Mongodb backup node data directory is inconsistent with primary node data size

  mongodb, question

Ask the great god to dispel doubts:
Two mongodb nodes, active and standby mode, check the data directory found under the two nodes:
The main node data directory is 23GB, and the directory details are as follows:

The backup node data directory is 11GB, with details as follows:

The amount of data in db.collection.stats () is consistent. what is the reason? Are there relevant resources available?

On the other hand, MongoDB has seen master/slave replication in history (in fact, it still exists today). Strictly speaking, the main equipment usually refers to that thing. We are basically using a replica set.

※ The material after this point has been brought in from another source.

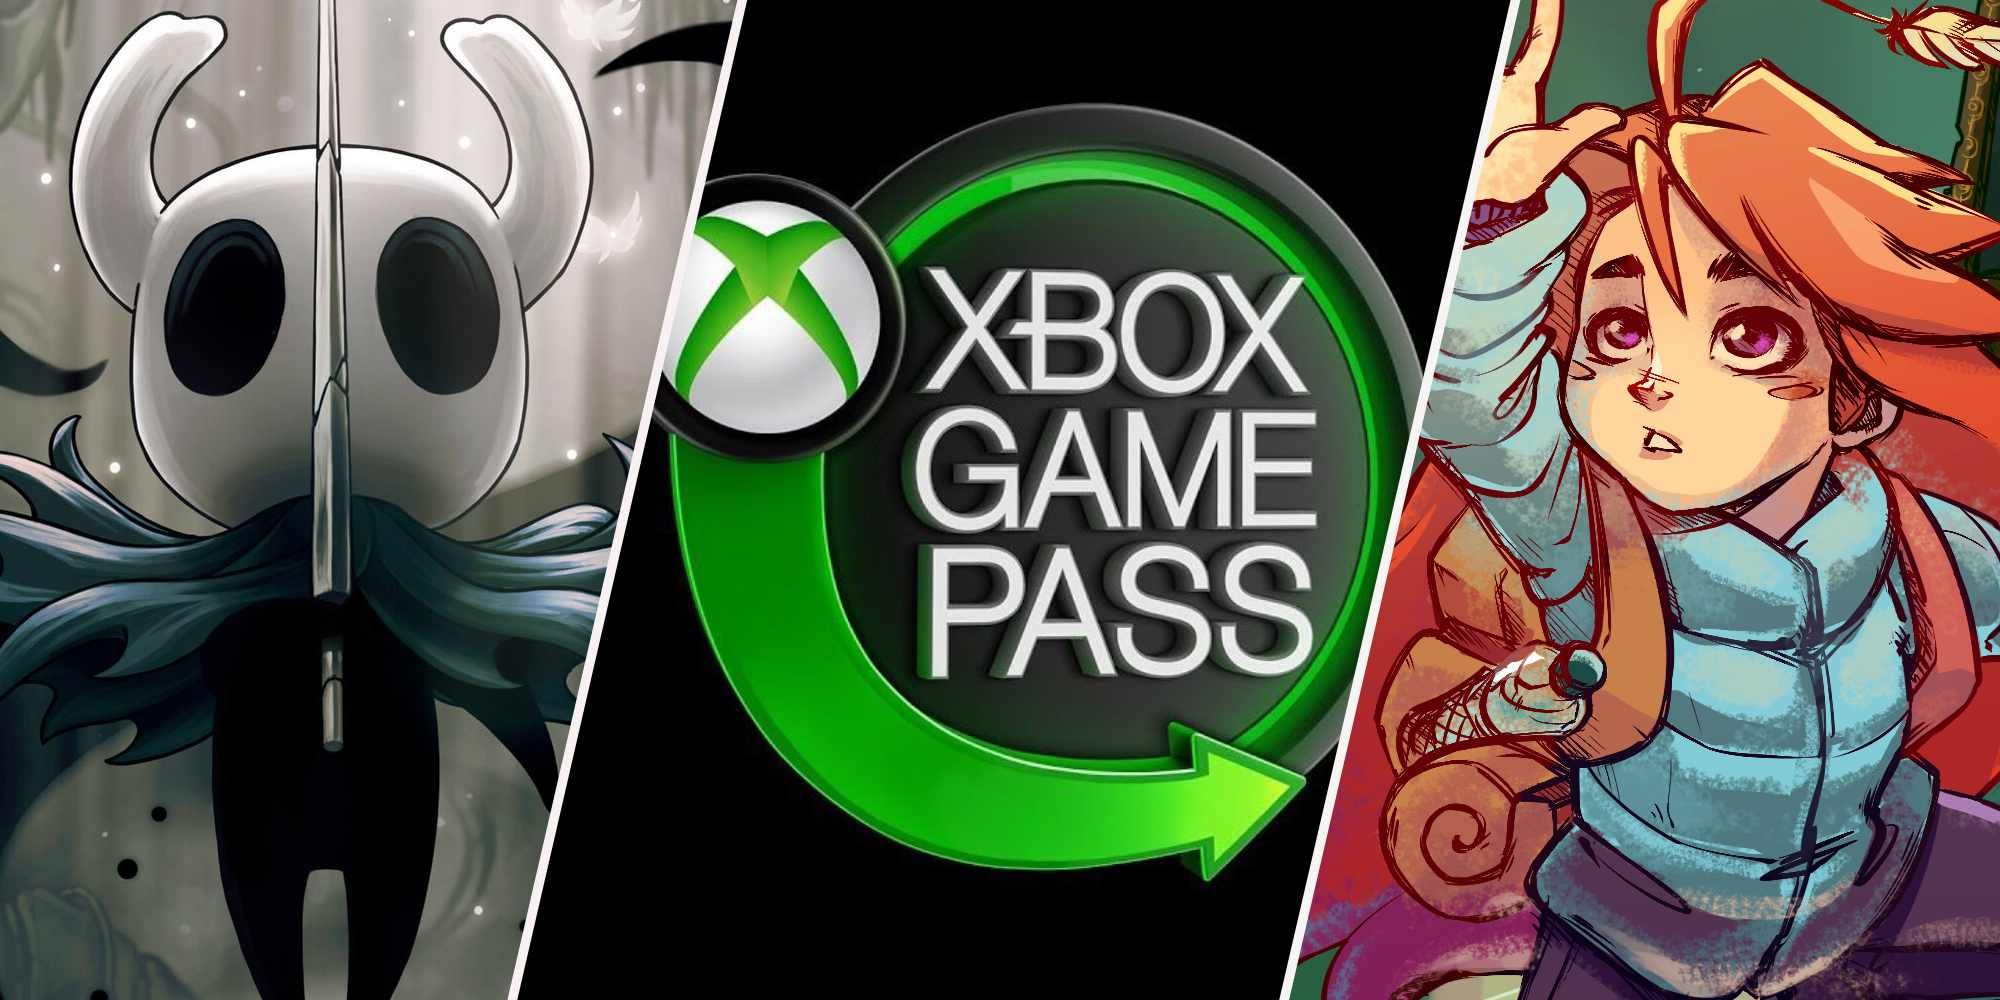 XboxBR on X: Jogos de terror + jogos independentes = promoção

Besides, your situation is actually normal. The principle is the same as that your disk will have fragments when it is used for a long time. Especially if you have deleted data on a large scale. Simply explain, suppose your table has a total of 4 documents, doc1/doc2/doc3/doc4. the order of storage on disk is:
Now that you have deleted doc2, the space usage on the disk becomes:
Doc1| (blank) |doc3|doc4
There is no way for the system to free up this empty space unless you clean up the disk and move the empty space to the last place:
Doc1|doc3|doc4| (blank)
Then the system can truncate the space at the end of the file and free this space. It can be seen that moving the blank to the end of the file is a rather time-consuming and laborious operation, and the simplest way is to move all the subsequent documents forward in order to fill in the blank left by doc2 (doc3/doc4 is moved forward as shown above). However, this involves a large amount of disk I/O, which will have a serious impact on performance. Of course, there are many other methods for defragmenting the disk, but either one will cause serious I/O impact, so generally we will not carry out such defragmentation. The way to defragment is:Compact command. As mentioned earlier, this operation is generally only performed during maintenance time because it will have a serious impact on performance. Even if you don’t do this, the system will know which places are blank. When new documents come in, it will try to reuse these blank parts to maximize space utilization. However, no matter how good the algorithm is, space reuse cannot be 100%, because new documents can never be exactly the same size as previously deleted documents, so only a larger space can be found to use than new documents, thus leaving a smaller and more difficult to reuse fragment.
Another alternative is to delete the node content and synchronize again. Because synchronization is equivalent to grabbing all documents once and rewriting them to disk one by one, the documents are arranged compactly on disk after synchronization is completed, which is equivalent to defragmentation. Moreover, in this process, the slave node is affected, and it does not provide services to the outside in the synchronization process, so the impact on the line is minimal. However, note that it will also affect the master node, because it has to read all the data on the master node, and I/O rise of the master node is inevitable.

Finally, back to your question, why the slave node is smaller than the master node should have been explained clearly above.